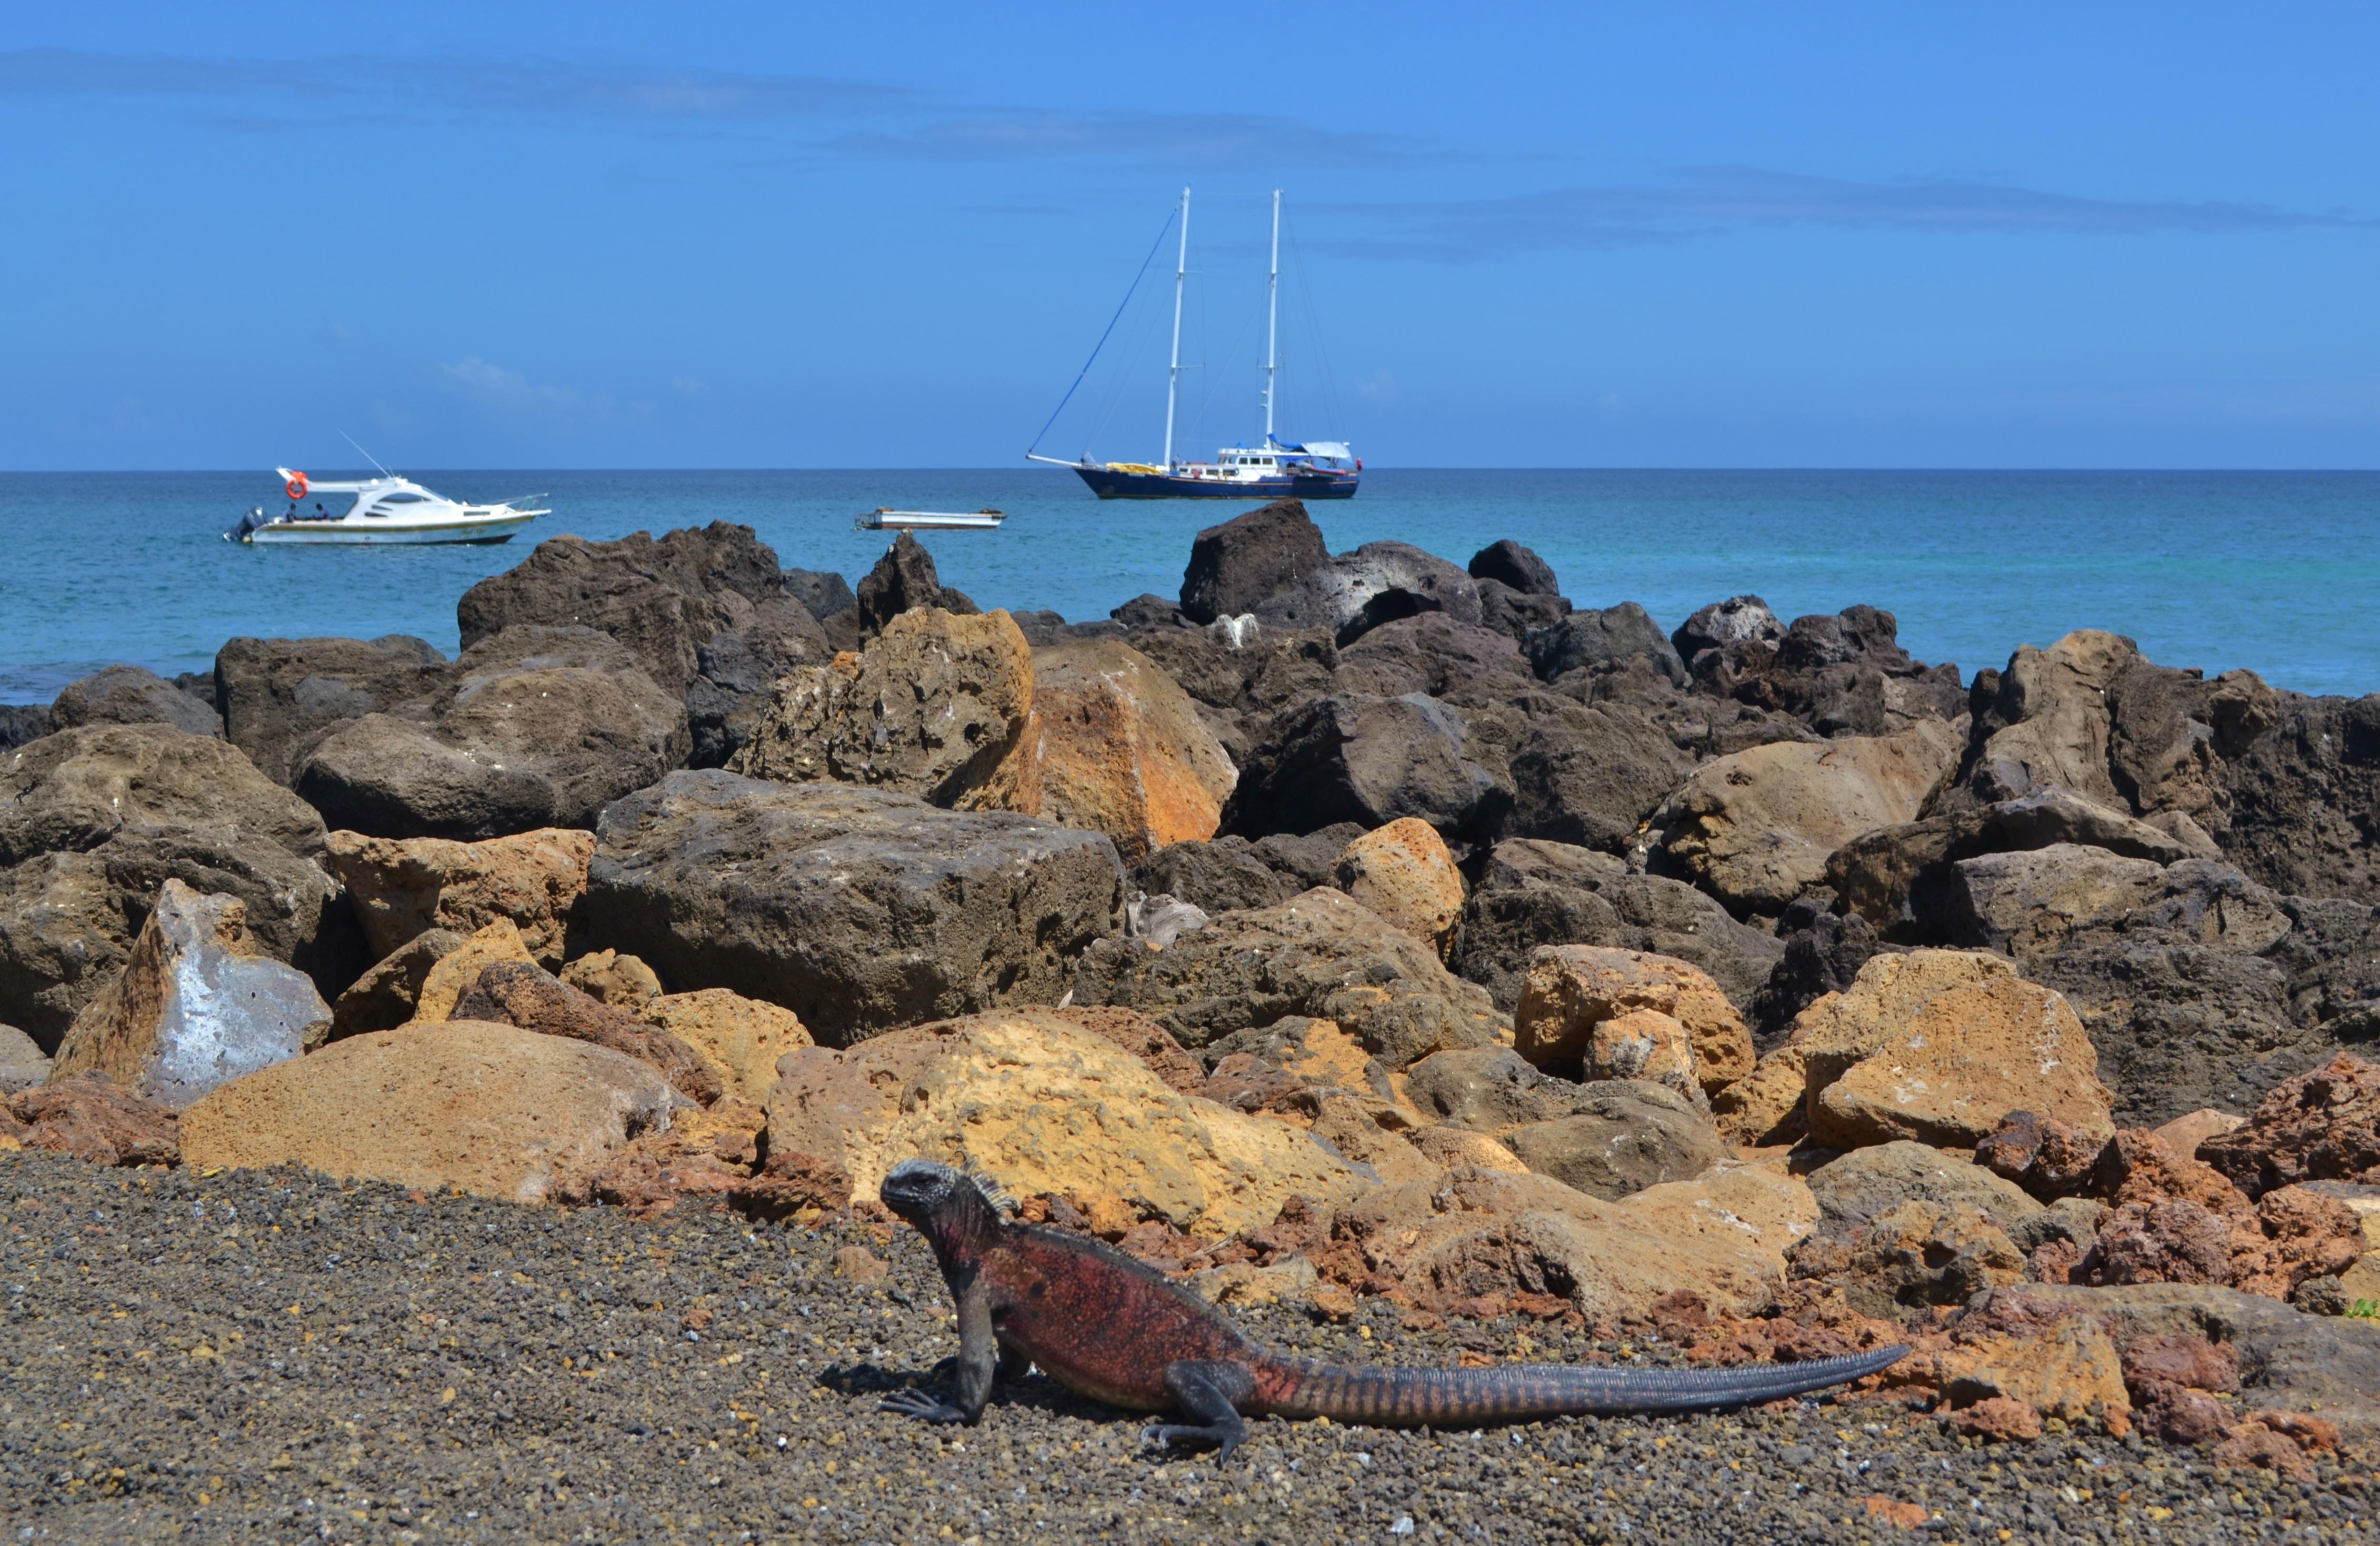 Islas de Galapagos sea iguana
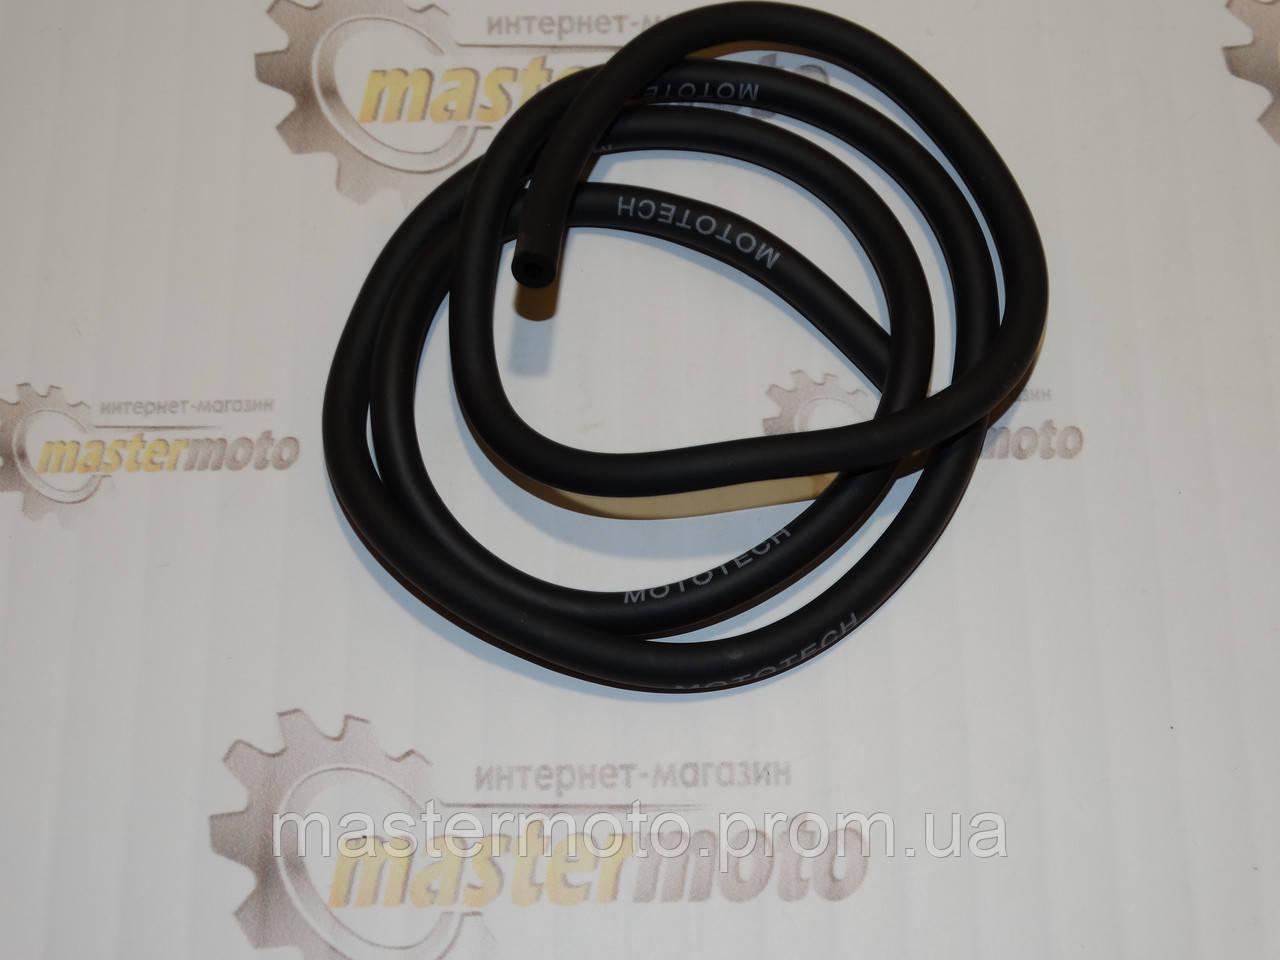 Шланг масляный для скутера Хонда (внешн.6мм/внутр.3мм), метр
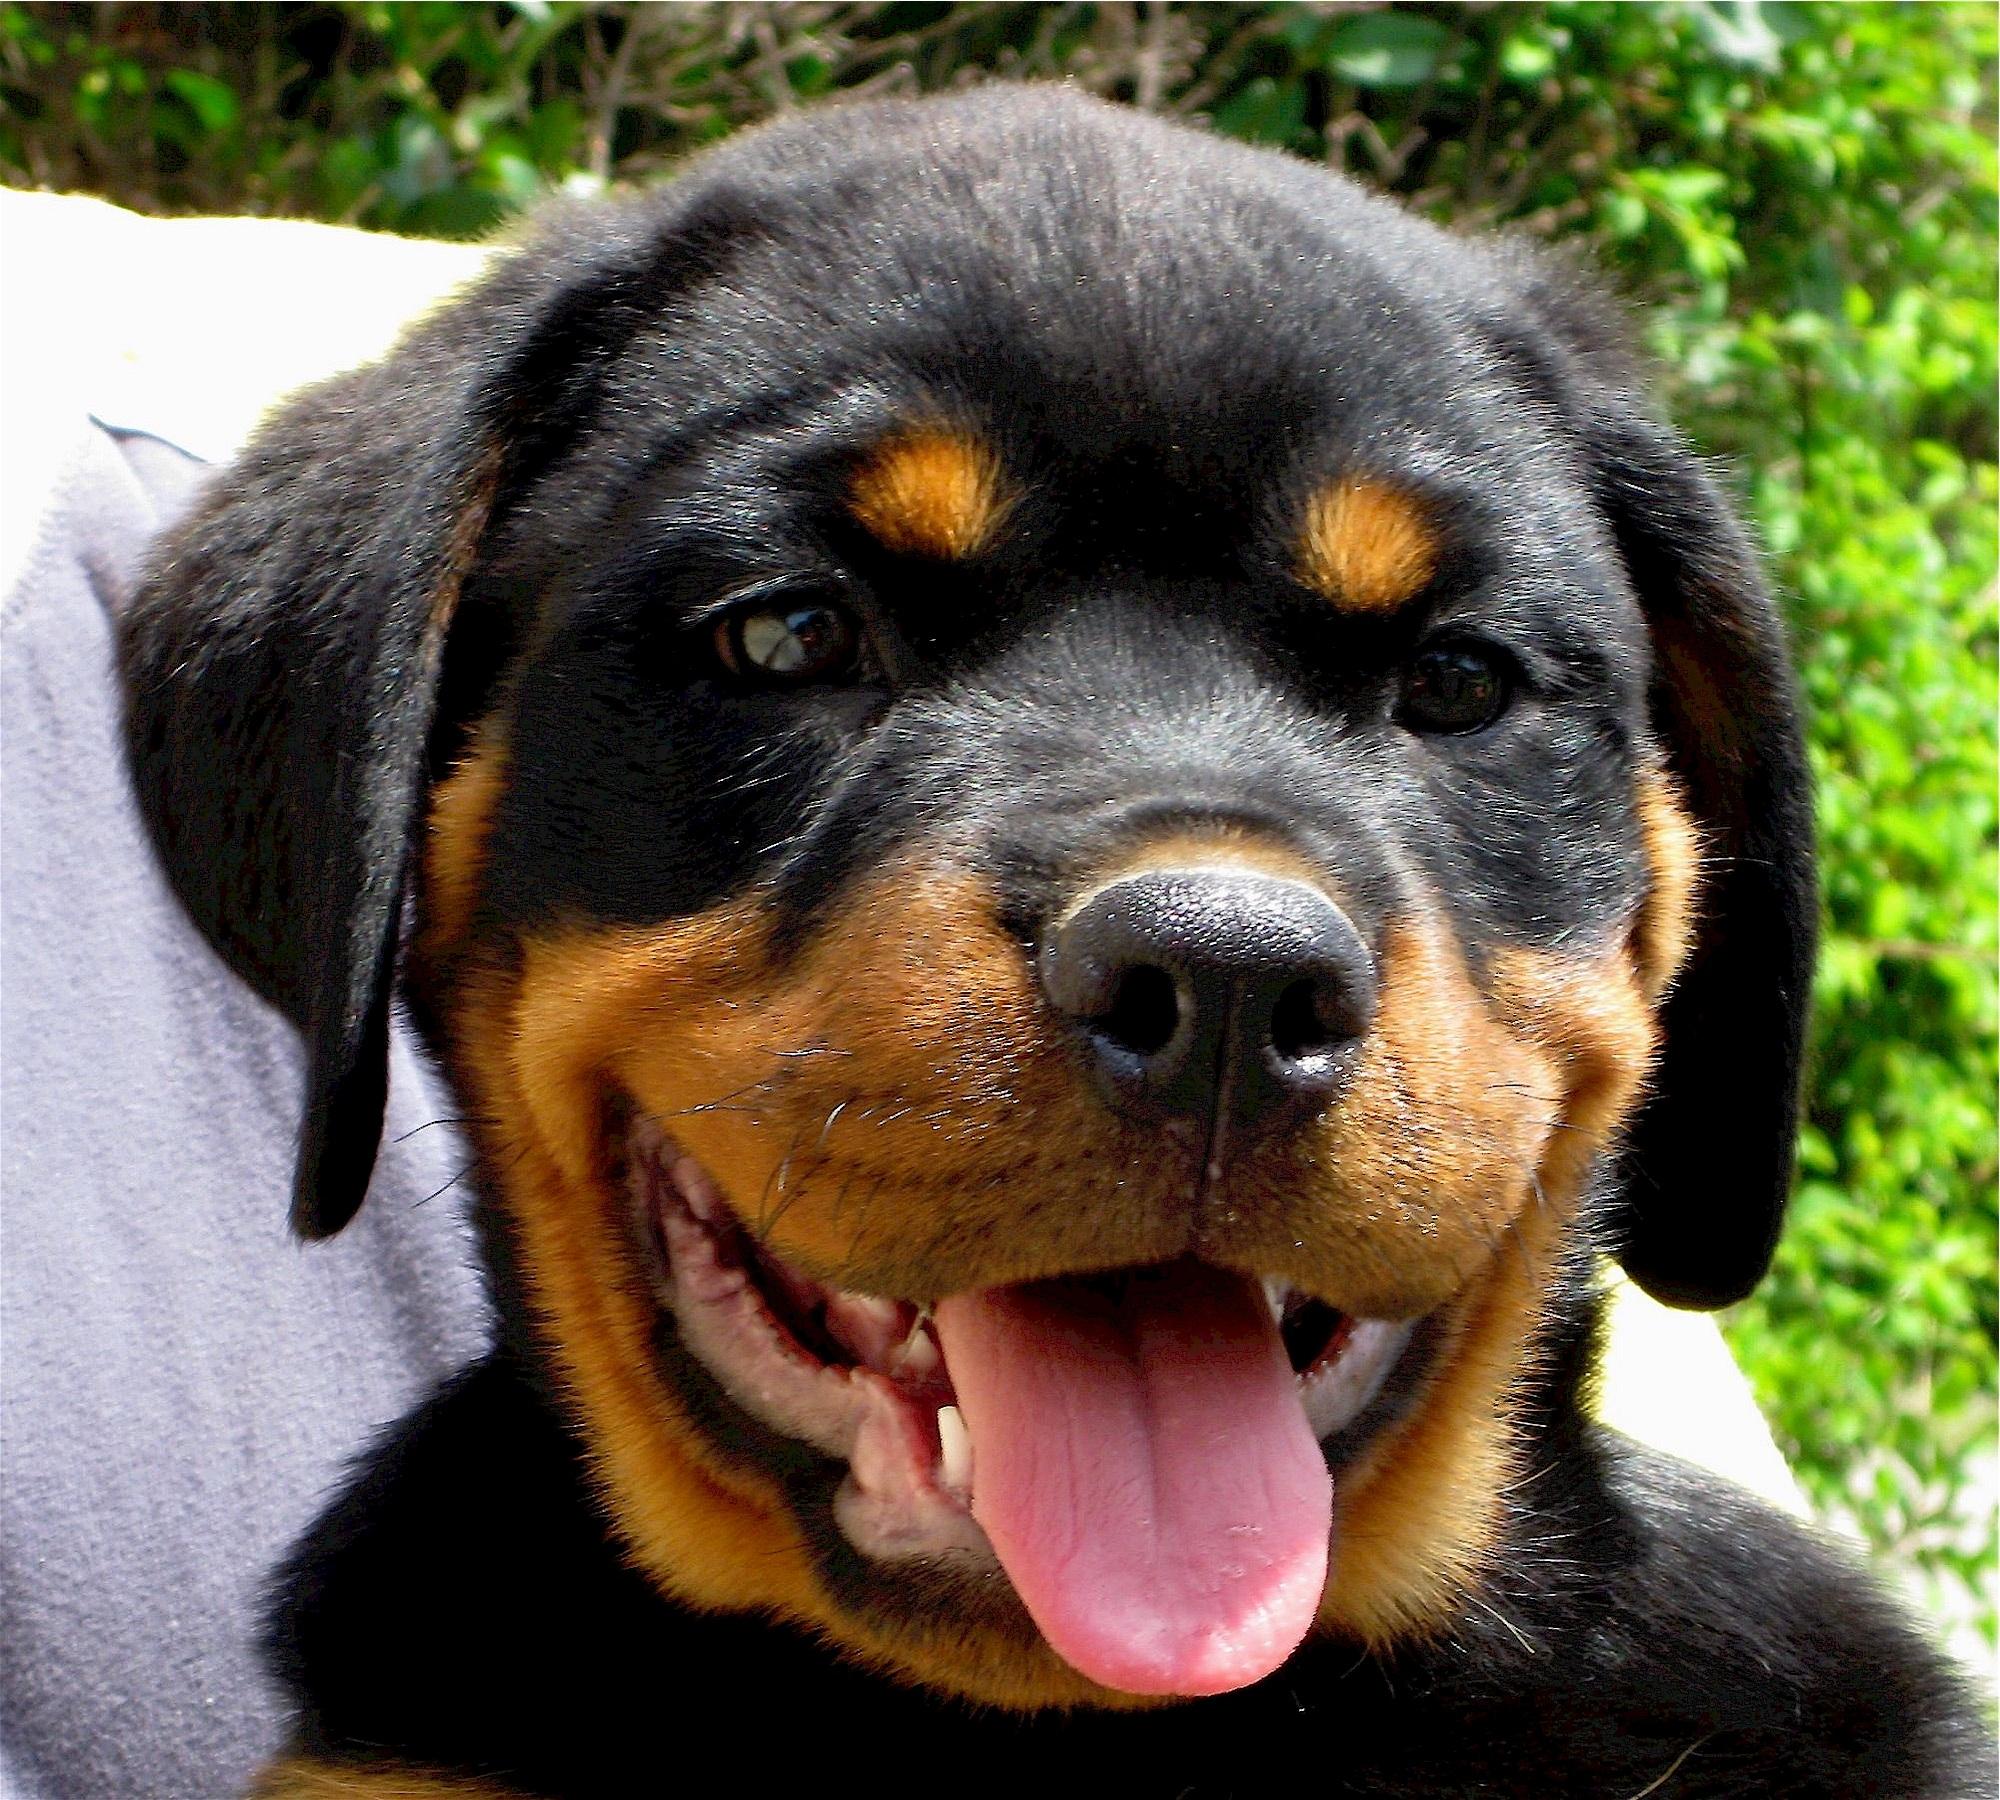 Rottweiler, Animal, Dog, Free dog photos, Friend, HQ Photo
-*-*-
◆ **What to produce**: Print the data above in full and exactly as it appears, skipping the pictures.

◆ **Exercise answer**:
 Islas de Galapagos sea iguana
 Шланг масляный для скутера Хонда (внешн.6мм/внутр.3мм), метр
 Rottweiler, Animal, Dog, Free dog photos, Friend, HQ Photo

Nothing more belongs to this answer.